Digitizing Supply Chains in the real world: what works and what doesn’t

Let’s make some bold 2023 predictions. “Logistics will take a huge step change through better connectivity, advanced analytics, additive manufacturing, and advanced automation” and future supply chains “will be faster, more flexible, more granular, more accurate and more efficient.” The keywords underpinning it all: “automate anything, analyze everything”.

Except these aren’t my 2023 predictions. In fact, these were made almost 8 years ago by McKinsey’s Knut Alicke, Jürgen Rachor, and Andreas Seyfert in 2016.1

In the meantime, other industry experts and research have portrayed a similar outlook. For example, in its 2017 Supply Chain Top 25 Ranking, Gartner mentioned advanced analytics as one of “the most disruptive and impactful technologies.”2

Right along with these narratives, investment in logistics technology and digital supply chain management solutions soared. Almost 10 billion USD of capital funding was injected into supply chain technology in 2016 alone, followed by 14.5B in 2018, 11.2B in 2019, 10.3B in 2020, and an all-time high of 19.1B USD in 2021.
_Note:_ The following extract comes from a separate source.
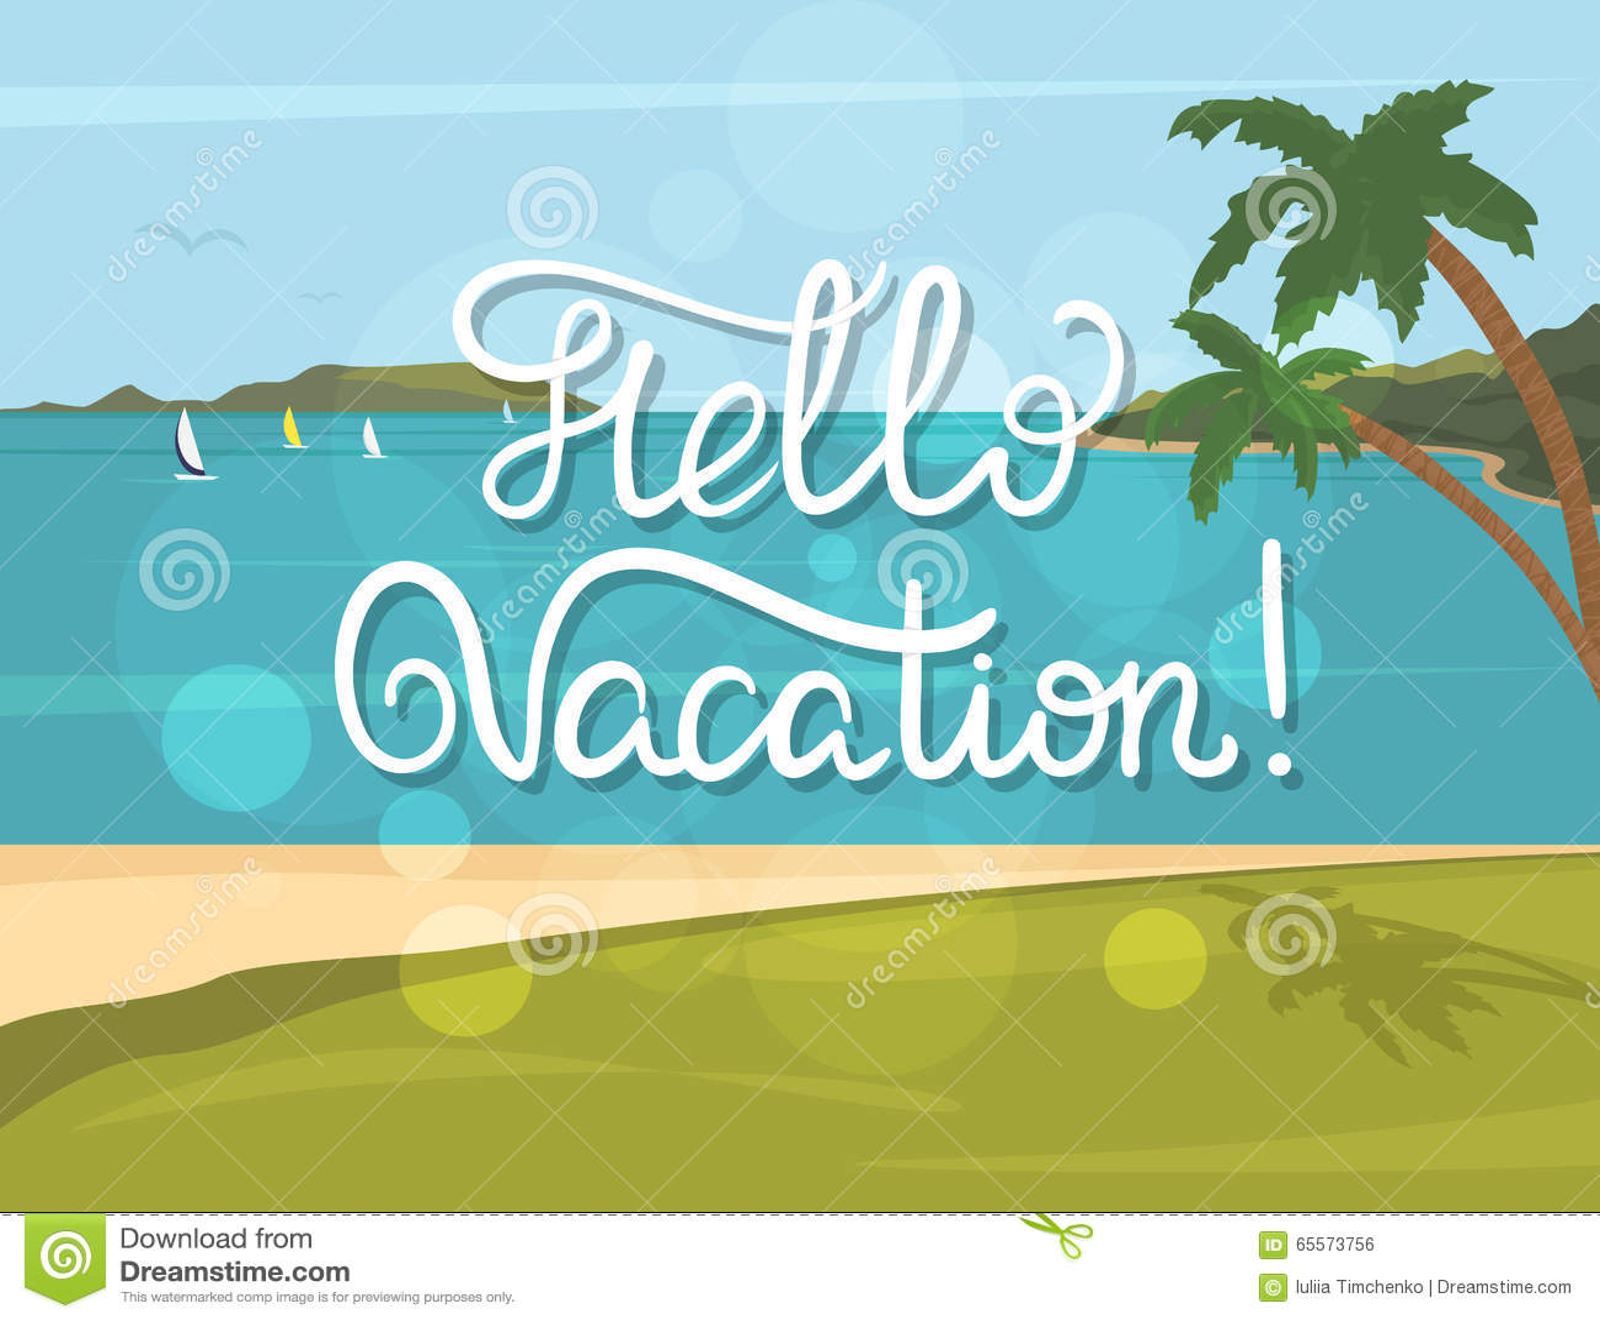 Hello Vacation Banner Stock Vector. Illustration Of

As a result, there were about 32 Supply Chain Management Unicorns at the end of 20223 and revenue from supply chain management software is expected to reach a market volume of USD 23.21 billion by 2027.4

Between the soaring investment and the expert analyses that supported it, one could be forgiven for thinking that the industrial revolution 4.05 in supply chain is well on its way, with digital solutions and technological innovation already reaching even the farthest and darkest corners of the landscape.

And yet, 5-8 years later:

  • Several unicorns that were widely touted as industry disruptors are now pivoting or using marketing spend to hide existential doubts.
  • Excel is the most-used Transport Management System (TMS) in many companies. There are global companies managing annual transport budgets of over 100M USD still relying on Excel and E-Mails.
  • Data and process standards either don’t exist or are highly fragmented, with relatively few cases of partner integration and workflow automation. The result is not only inefficiency, but a lack of both low macro and micro visibility that blocks meaningful analysis.

This is what ineffective digitization looks like

Reasons for failing digital supply chains

So why, after years of heavy log-tech investments, are companies still looking for the same things as they have been since 2016? From our perspective there are three major bottlenecks, and the lack of great technology on the market is not one of them.

1. Hype creates misunderstanding and misalignment of expectations

- The Digital Freight Forwarder Model

Companies like Flexport, Forto, Zencargo and others are as much about narrative building as they are about making products. Whether intentionally or not, they helped create a narrative that the freight forwarding world is analogue and outdated. Hence, the expectation was that investments in digital freight forwarding would be impactful at scale, both directly for intermediaries and throughout the industry.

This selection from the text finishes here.